Shares continued to fall 50% in 2000 and 2008, even after stepping in with support from the Fed, he said. Furthermore, he highlighted that when the internals of the market are unfavourable – as they are now – monetary easing has not helped.
“Fed easing has not reliably supported stocks over a period when investor psychology has shifted toward risk-averse,” Hasman said. “It’s a gap that many investors are likely to overlook, with disastrous consequences as this Fed-induced yield bubble is seeking to collapse.”
Hussman Funds
inflation alert
Tom Essay, founder of market-research firm Sevens Report Research, who is also a former Merrill Lynch trader and a former hedge fund founder, has a bit more nuance.
In a normal environment, the essay still assumes that a Fed put exists, and that 3,700 is probably close to the Fed’s move.
But things change when increased inflation comes into play, he told Insider on Friday. If inflation remains high, around 4% or so, the essay warned that the central bank’s hands could be tied, and the Fed could drop below 3,700. Essay said he expects the structural issues driving inflation to persist over the next year, and that inflation will remain at 3-4% at that time.
“If we drop to 3,700 on some sort of a deadlock, negative environment, it could be lower, because the Fed won’t be able to cut rates until they get inflation back closer to 2%,” he said. Bring it,” he said. “If the CPI is running above 4% a year, and every politician in the world is screaming that inflation is killing their constituents, the Fed won’t be able to get worse.”
In general, given the increased inflation, the essay said that Fed puts would require a larger decline than in recent years. Richard Fischer, former chairman of the Dallas Fed, takes the same stance.
In such volatile periods, it is difficult to know how the Fed will react to the markets.
Stocks are part of the broader economy, and if large amounts of money are wiped out in a major pullback, it will begin to take effect. This concept is known as the negative money effect: when a significant portion of one’s wealth decreases, their spending habits become more conservative, and vice versa.
But if inflation is already hitting the economy, the Fed may have no choice but to ignore the stock market decline.

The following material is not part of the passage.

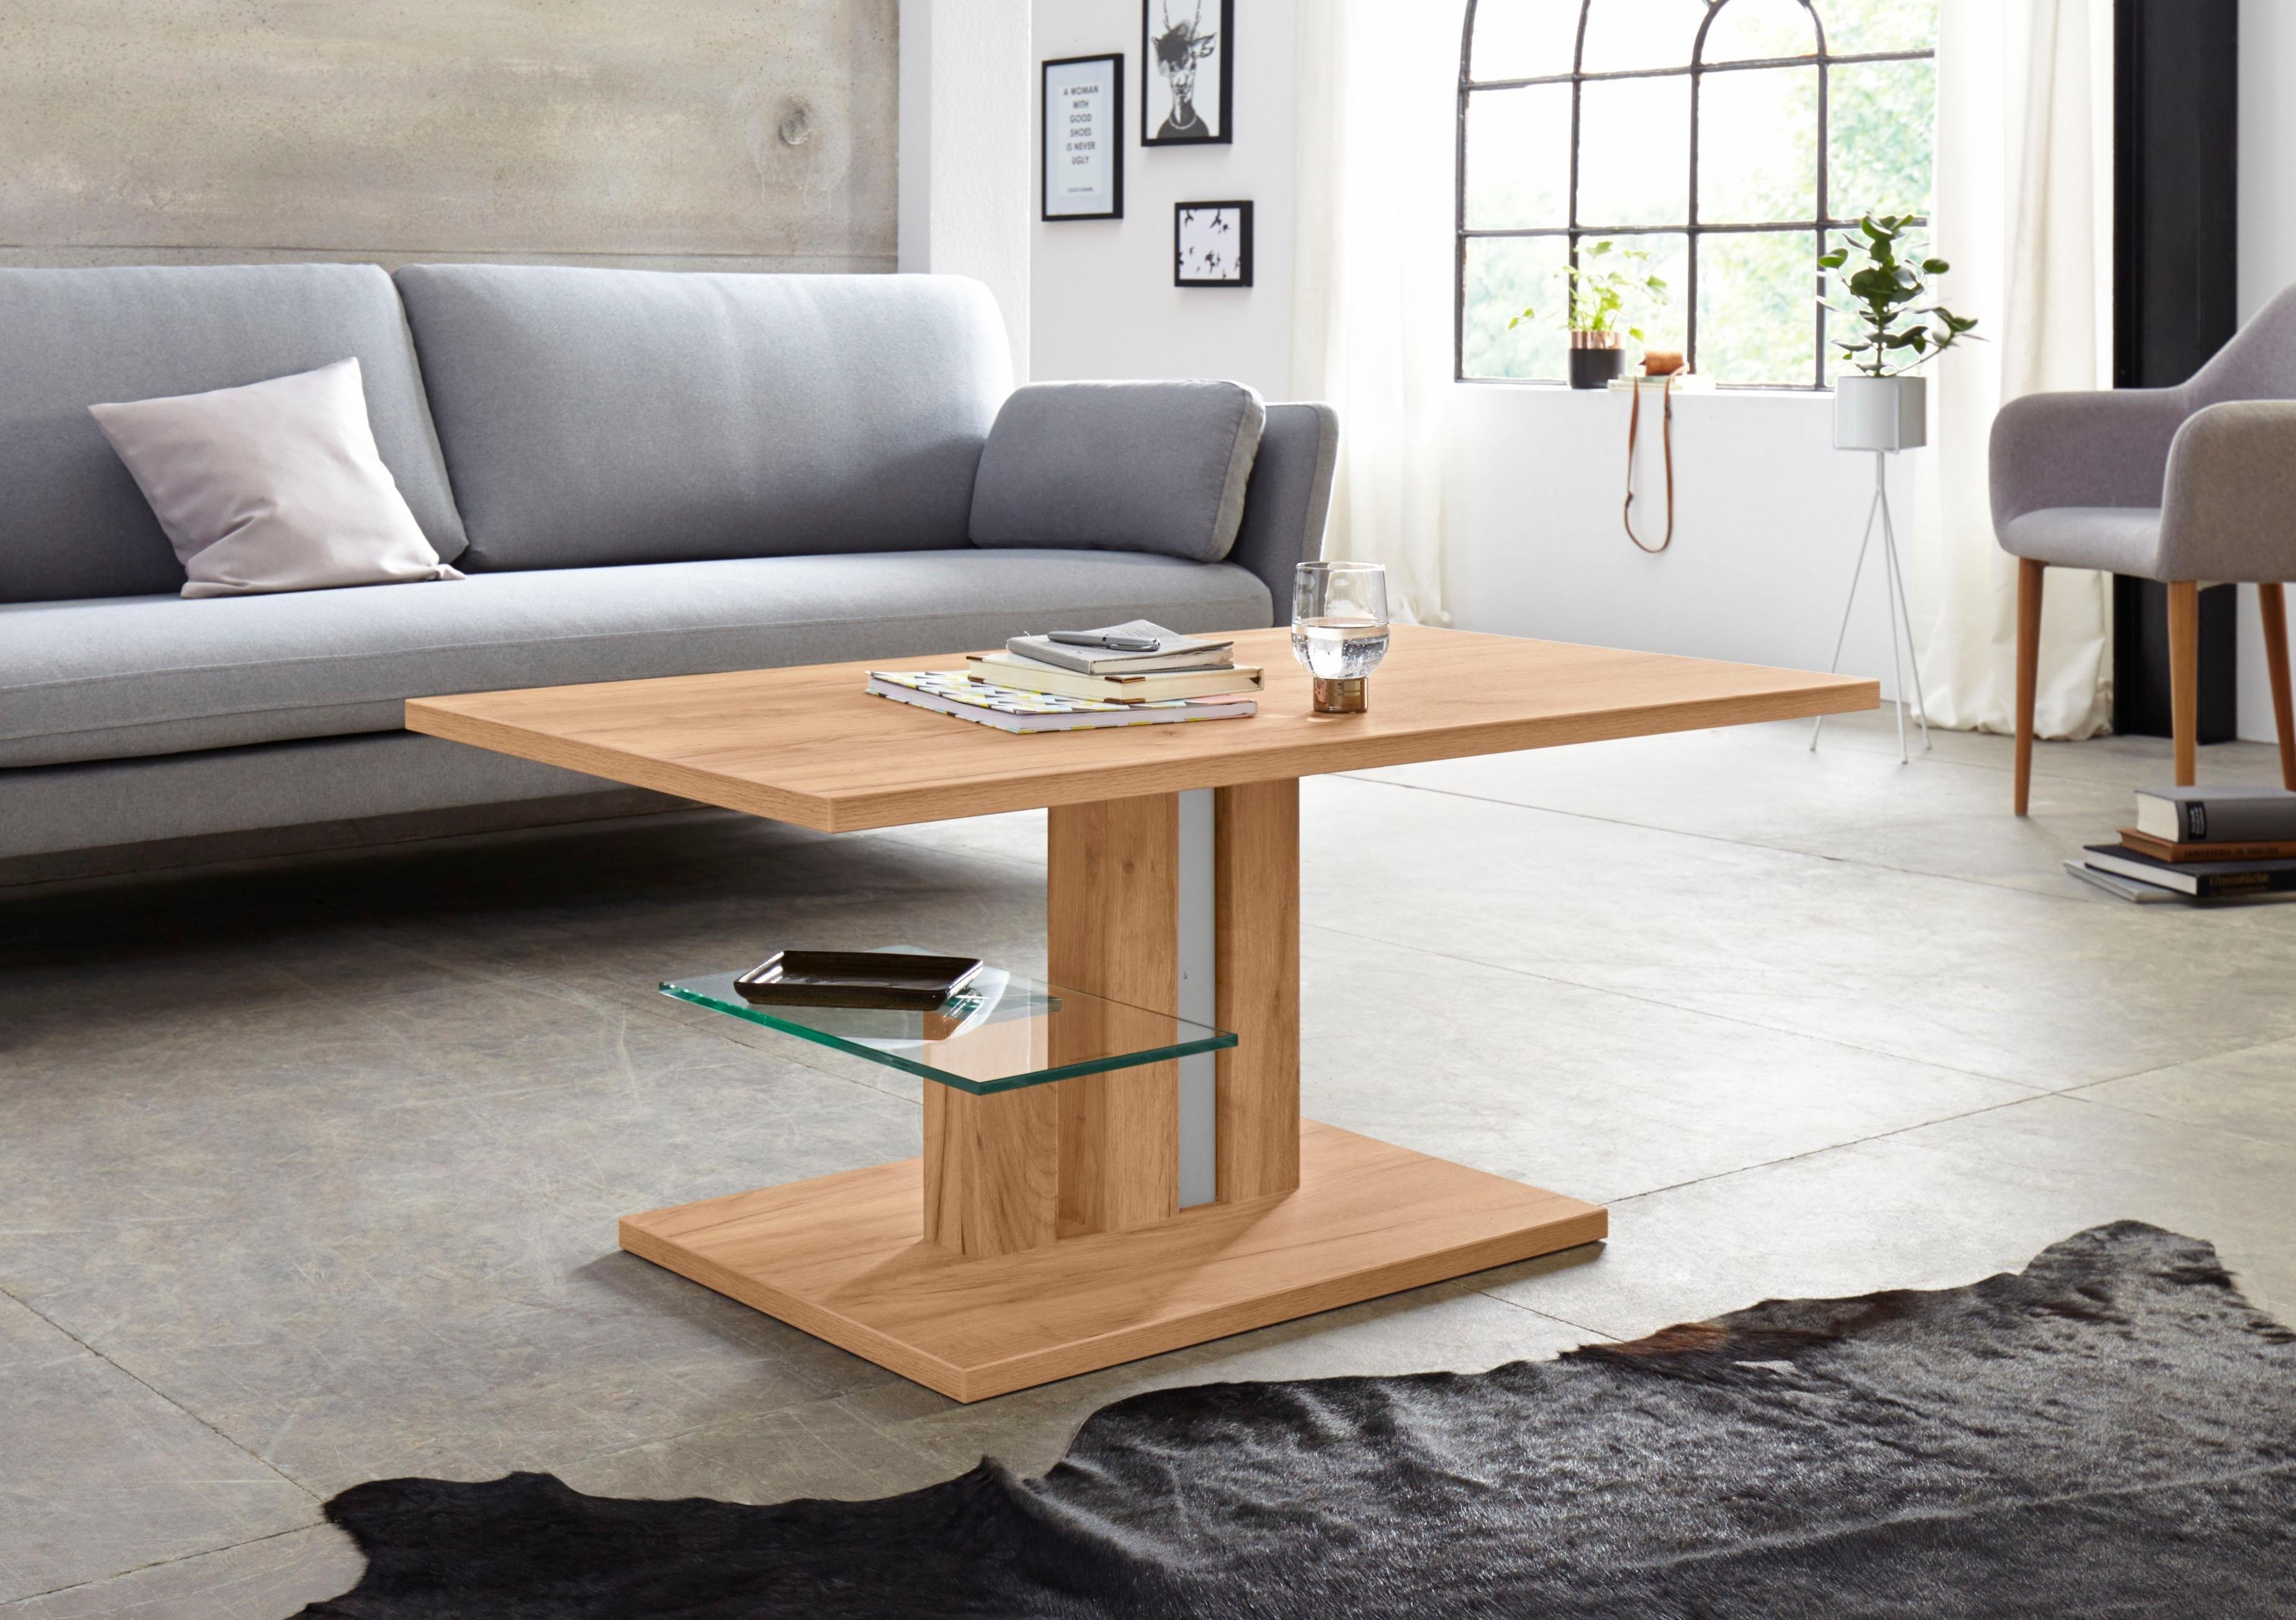 Inosign salontafel »Bergamo« met glasplaat, onderstel in drie aantrekkelijke kleuren veilig op otto.nl kopen

Michael Leibovitz of RIA Advisors touched on the fine line for moving the Fed in a recent commentary.
“The Fed is making it clear that they want to reduce inflation. They are also telling us that they will ensure financial stability. Sounds like a good plan, but successfully achieved by achieving low inflation without destabilizing the markets It’s an incredibly difficult task to walk the narrow trajectory.”
“We think the odds of success are slim. As such, we must carefully consider which goals they will prioritize when pushed.”